The study’s pre-model preparation phase discusses the details of the dependent and independent variables and conducts pre-model data cleaning. Correlation analyses (featureto-feature correlations, feature-to-target correlations) were performed in this context, and the outlier values were determined for the data. The outlier values for the variables were not extracted from the data, as removing them from the data would reduce the number of observations. Instead, the Robust Scaler method, which is sensitive to outliers, was used to scale the data.
During the phase of setting up the model, training and test set partitioning involved the following. A cross-validation analysis was performed on the training set, and the training set was divided into five subsets. As a result, the cross-validation training and test set accuracy score results were compared. The test results from the model were determined to have an 80% accuracy score in XGBboost (eXtreme gradient boosting), a 77.5% accuracy score for gradient boosting, and a 61.25% accuracy score for the artificial neural networks.

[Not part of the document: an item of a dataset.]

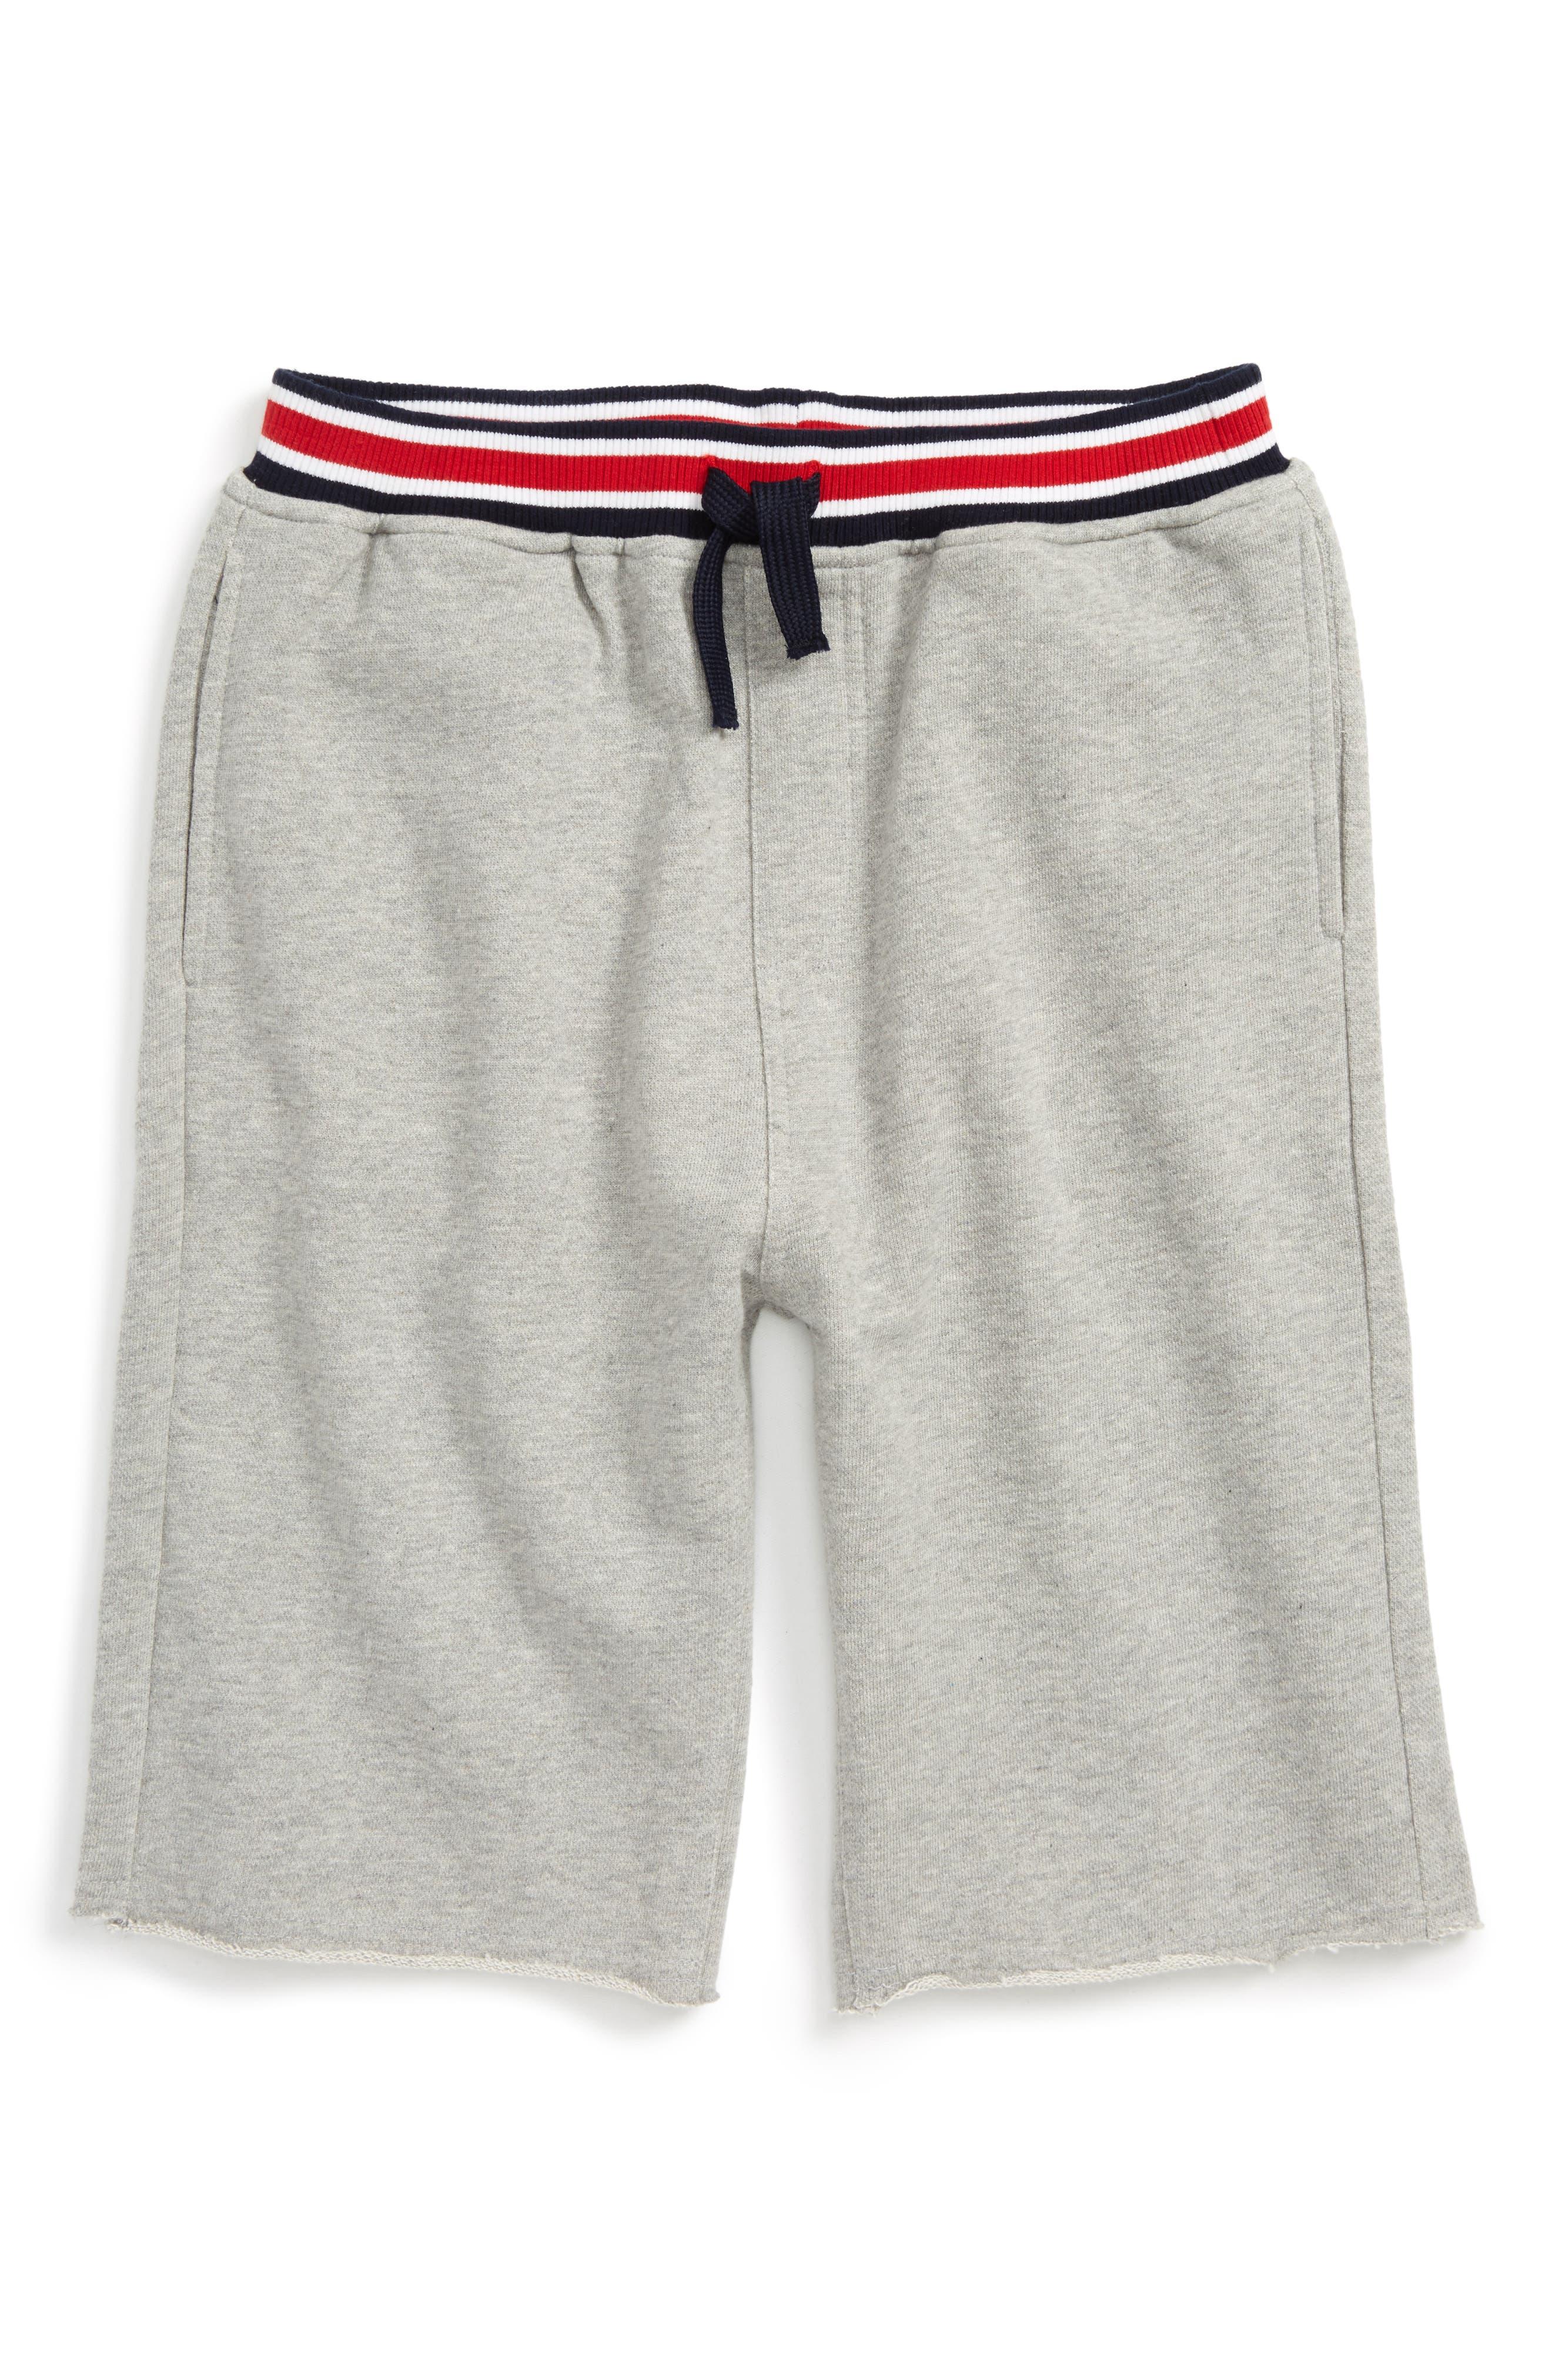 Varsity Knit Shorts,                             Main thumbnail 1, color,                             020

The study has preferred the XGBoost algorithm model with its 80% accuracy score and 82% score for area under the receiving operating characteristics curve (ROC-AUC). The model’s ROC curve is shown in figure 12, and the area below the curve (AUC) is 82%. The XGBoost’s confusion matrix is also shown in figure 8 and reveals our model’s predictive performance power. In this context, the probability of success is estimated based on a 52% classification threshold using 80 observational test data with the model possessing the highest performance. Ratings of A, B, C, D, or E were given to the companies based on their probability of success.
This study presents a model that is able to provide companies with a reliable scorecard/ rating model in a shorter time by taking only their cash flow statement in terms of financial data. In this way, banks can manage risk appetite with maximum optimization and provide extra customer satisfaction with faster analyses. This study involves rapid credit score rating and can at the very least provide solutions to companies’ short-term loan demands.